Nursing care plan pulmonary tuberculosis TB

I. Pathophysiology
a. Bacterial infection by Mycobacterium tuberculosis bacilli
i. Primarily affects the lungs (70% per Centers for Disease
Control and Prevention [CDC], 2004) although it can
invade other body systems
ii. Airborne droplets are inhaled, with the droplet nuclei
deposited within the alveoli of the lung.
b. Primary infection followed by a latent or dormant phase, or
by active disease in some individuals
c. When the immune system weakens, dormant TB organisms
can reactivate and multiply (reactivation TB).

II. Classifications
a. Latent: Body’s immune system has encapsulated the bacteria
into tiny capsules called tubercles, infection not transmissible
to others.
b. Active: Infection is spreading in the body and can be transmitted
to others.

III. Etiology
a. Following exposure, the bacilli may (1) be killed by the
immune system, (2) multiply and cause primary TB,
(3) become dormant and remain asymptomatic, or
(4) proliferate after a latency period (reactivation disease)
(Herchline & Amorosa, 2007).
b. Multidrug-resistant tuberculosis (MDR-TB)
i. Primary: caused by person-to-person transmission of a
drug-resistant organism
ii. Secondary: usually the result of nonadherence to
therapy or inappropriate treatment
iii. On the rise especially in large cities, in those previously
treated with antitubercular drugs, or in those who failed
to follow or complete a drug regimen
iv. Can progress from diagnosis to death in as little as 4 to
6 weeks
c. Risk factors: individuals with weakened immune systems
due to chronic conditions, advanced age, and malnutrition;
higher among persons with HIV infection, the homeless,
drug-addicted, and impoverished populations, as well as
among immigrants from or visitors to countries in which
TB is endemic

IV. Statistics (Centers for Disease Control and Prevention
[CDC], 2005, 2007)
a. Morbidity: In 2005, 14,903 cases of TB were reported in
the United States (down from a peak of 25,287 cases in
1993), with foreign-born individuals accounting for a
steadily increasing proportion (54%) of all reported TB
cases (Herschline, 2007); globally, 9.2 million new cases
reported annually.
b.
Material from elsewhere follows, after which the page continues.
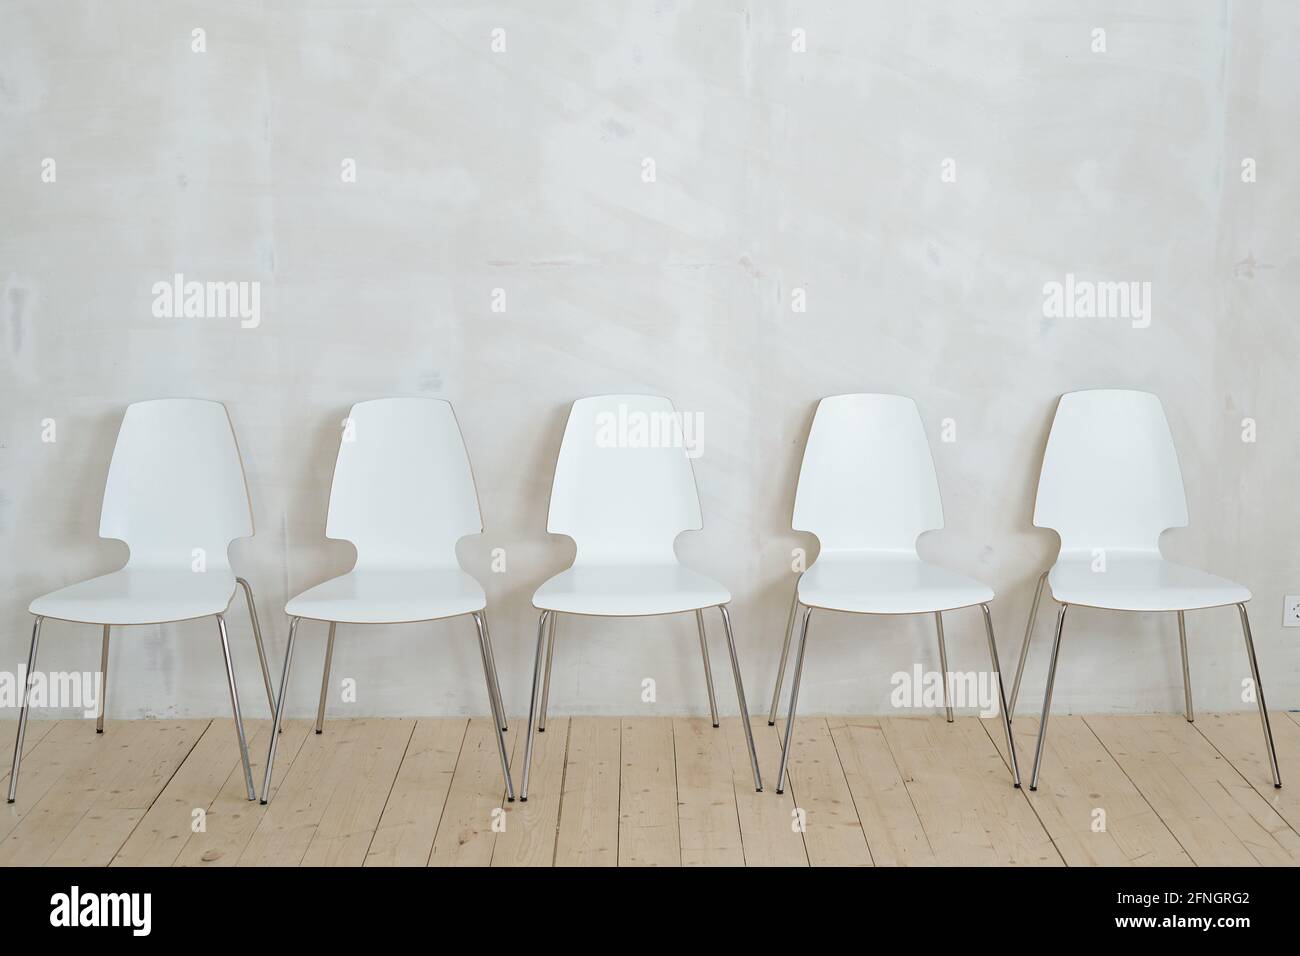 Reihe von weißen Plastikstühlen auf Metallbeinen platziert Parkett gegen graue Wand Stockfoto

Morbidity: Globally, 1.7 million deaths from TB occurred
in 2006, of which 0.2 million deaths were in HIV-positive
individuals (World Health Organization [WHO], 2008).
Care Setting
Most clients are treated in community clinics, but may be
hospitalized for diagnostic evaluation or initiation of therapy,
adverse drug reactions, or severe illness or debilitation.
This plan of care is intended to reflect care of the person
with active (rather than latent) TB, although if latent, when
TB is diagnosed, treatment will be initiated.

Related Concerns
Extended care
Psychosocial aspects of care

Nursing Priorities
1. Achieve and maintain adequate ventilation and oxygenation.
2. Prevent spread of infection.
3. Support behaviors and tasks to maintain health.
4. Promote effective coping strategies.
5. Provide information about disease process, prognosis,
and treatment needs.

Discharge Goals
1. Respiratory function adequate to meet individual need.
2. Complications prevented.
3. Lifestyle and behavior changes adopted to prevent spread
of infection.
4. Disease process, prognosis, and therapeutic regimen understood.
5. Plan in place to meet needs after discharge.